Role of apolipoprotein B in the clinical management of cardiovascular risk in adults: An Expert Clinical Consensus from the National Lipid Association

Abstract

This National Lipid Association (NLA) Expert Clinical Consensus provides an overview of the physiologic and clinical considerations regarding the role of apolipoprotein B (apoB) measurement to guide clinical care based on the available scientific evidence and expert opinion. ApoB represents the total concentration of atherogenic lipoprotein particles in the circulation and more accurately reflects the atherogenic burden of lipoproteins when compared to low-density lipoprotein cholesterol (LDL-C). ApoB is a validated clinical measurement that augments the information found in a standard lipoprotein lipid panel; therefore, there is clinical value in using apoB in conjunction with a standard lipoprotein lipid profile when assessing risk and managing lipid-lowering therapy (LLT). ApoB has been shown to be superior to LDL-C in risk assessment both before and during treatment with LLT. In individuals, there can be discordance between levels of LDL-C and apoB, as well as LDL-C and non-high-density lipoprotein cholesterol (non-HDL-C), despite high levels of population-wide correlation. When there is discordance between LDL-C and apoB, or LDL-C and non-HDL-C, atherosclerotic cardiovascular disease risk generally aligns better with apoB or non-HDL-C. Additionally, apoB can be used in tandem with standard lipoprotein lipid measurements to diagnose distinct lipoprotein phenotypes. ApoB testing can inform clinical prognosis and care, as well as enable family cascade screening, when an inherited lipoprotein syndrome is identified. The NLA and other organizations will continue to educate clinicians about the role of apoB measurement in improving clinical risk assessment and dyslipidemia management. An urgent need exists to improve access and reimbursement for apoB testing.

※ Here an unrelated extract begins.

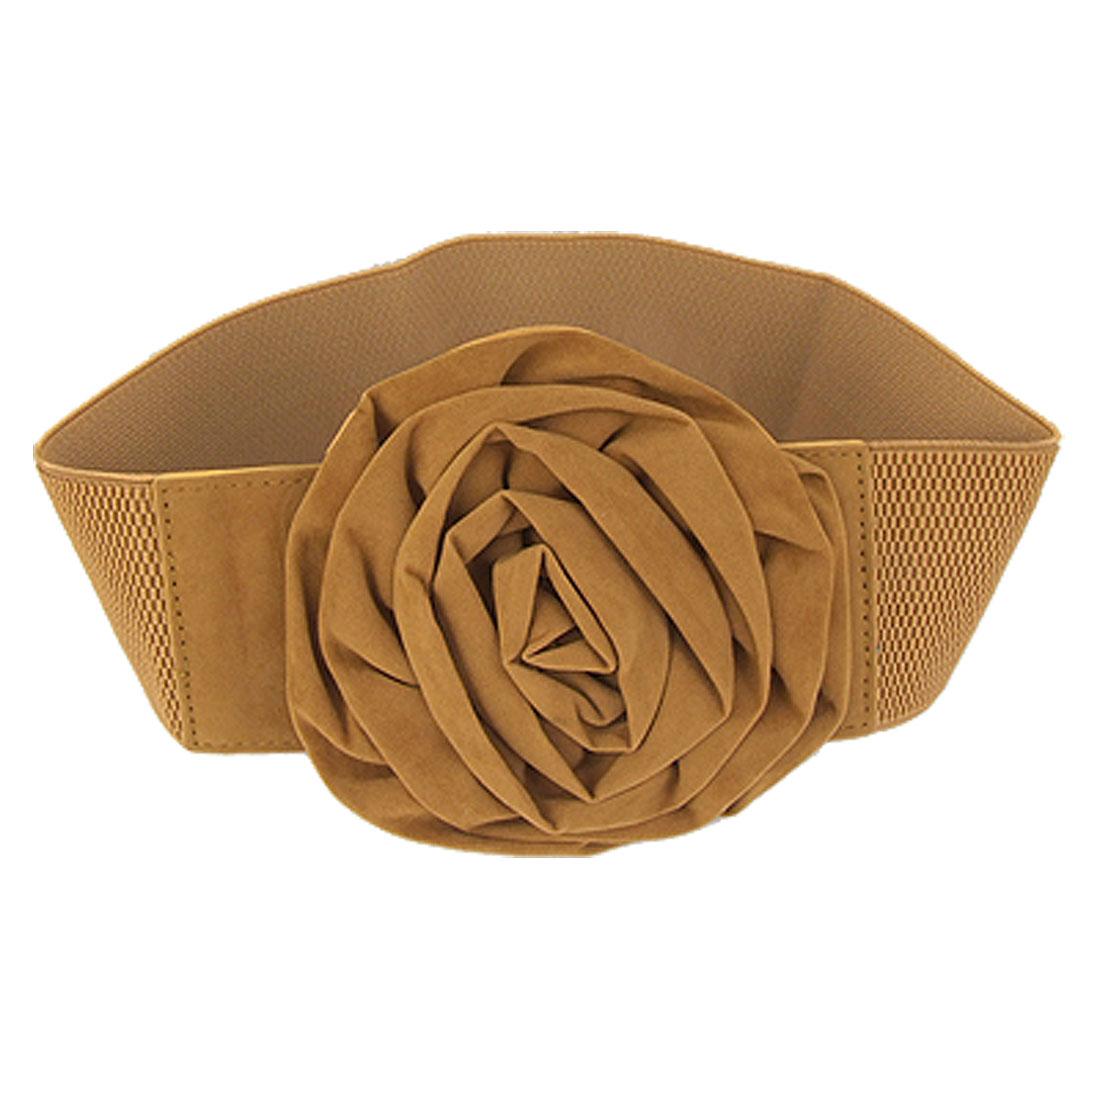 Flannel Rose Decor Interlock Closure Elastic Brown Waist Belt for Lady

Keywords: Apolipoprotein B; Atherosclerosis; Discordance; Low-density lipoprotein cholesterol; Non-high-density lipoprotein cholesterol.

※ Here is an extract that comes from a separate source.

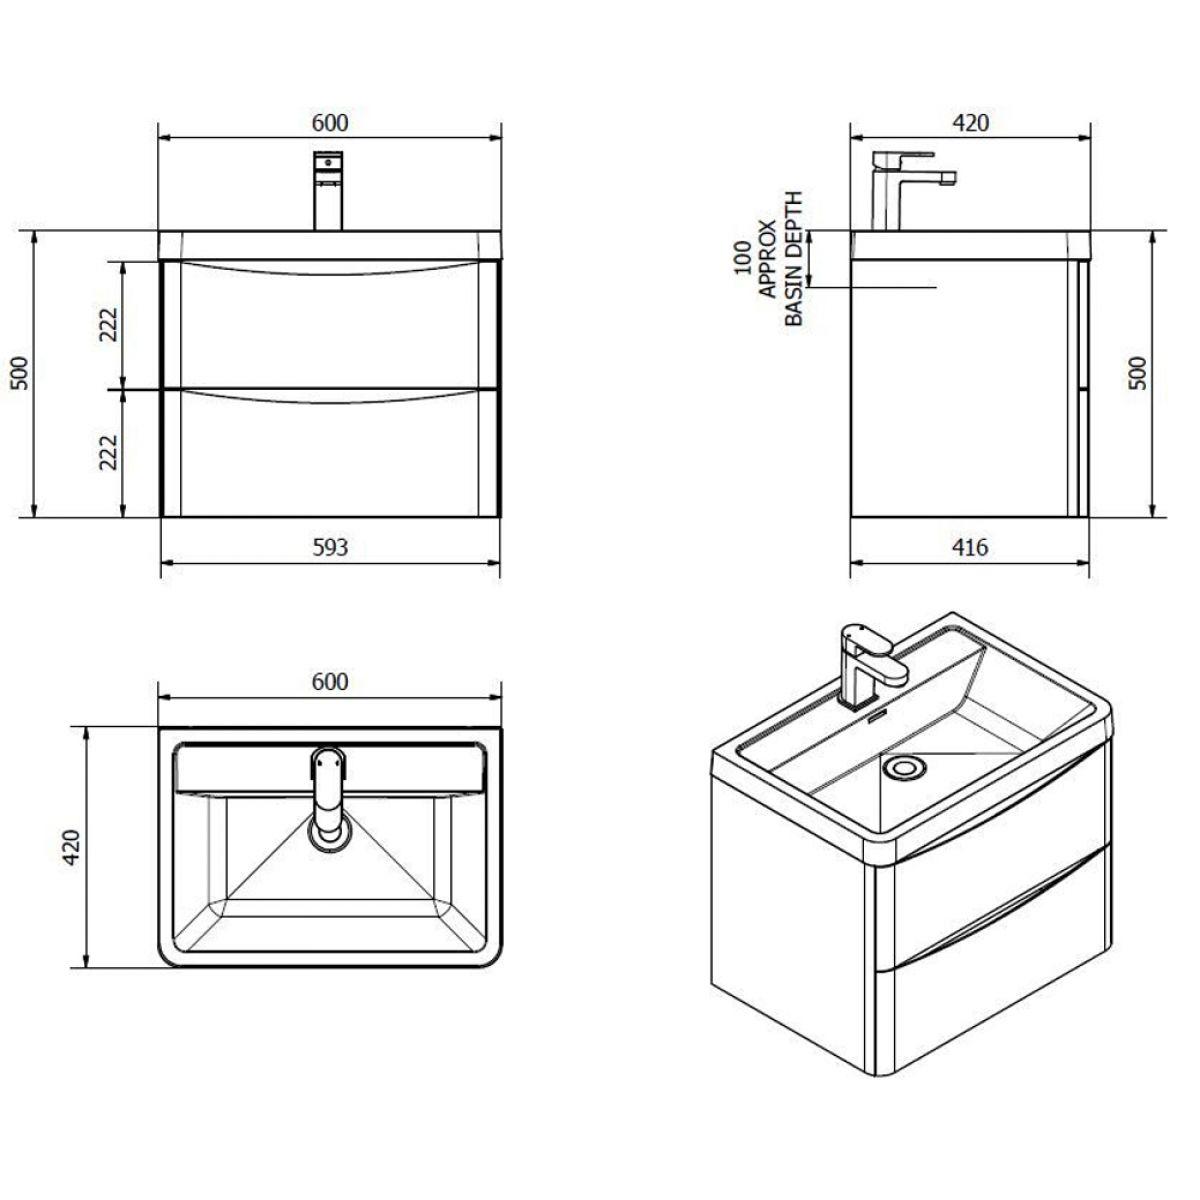 Bali Chestnut Floor Standing Vanity Unit 600mm Dimensions

Figure 1.. Association between concordant or discordant apoB and LDL-C and corresponding atherogenic lipoprotein risk.

When apoB and LDL-C are concordantly low (Panel A), atherogenic lipoprotein risk is not elevated. When apoB and LDL-C are concordantly elevated (Panel D), atherogenic lipoprotein risk is elevated. When apoB and LDL-C are discordant (Panels B and C), lipoprotein risk follows apoB. Image created with BioRender. Abbreviations: ApoB=apolipoprotein B; LDL-C=low-density lipoprotein cholesterol.

Figure 2.. Population-based relationship between LDL-C (Friedewald calculated) and apoB from an untreated sample (NHANES 2005–2016) and two on-treatment samples (IMPROVE-IT and FOURIER).

Panel A is the untreated NHANES sample (n=12,696, 18–85 years of age). Panel B is the achieved 1-year values for IMPROVE-IT or 48-week values for FOURIER, separated into statin monotherapy (n=18,812 [6,878 in IMPROVE-IT and 11,934 in FOURIER]), statin + ezetimibe (n=7,475 [6,851 in IMPROVE-IT and 660 in FOURIER]), and statin + PCSK9i (n=12,645, all in FOURIER). Panel C is both the untreated and on-treatment scatterplots on the same graph. The solid grey line in each graph represents the line of identity. Abbreviations: ApoB=apolipoprotein B; FOURIER=Further Cardiovascular Outcomes Research with PCSK9 Inhibition in Subjects with Elevated Risk; IMPROVE-IT= Improved Reduction of Outcomes: Vytorin Efficacy International Trial; LDL-C=low-density lipoprotein cholesterol; NHANES=National Health and Nutrition Examination Survey; PCSK9i=proprotein convertase subtilisin-kexin type 9 inhibitor.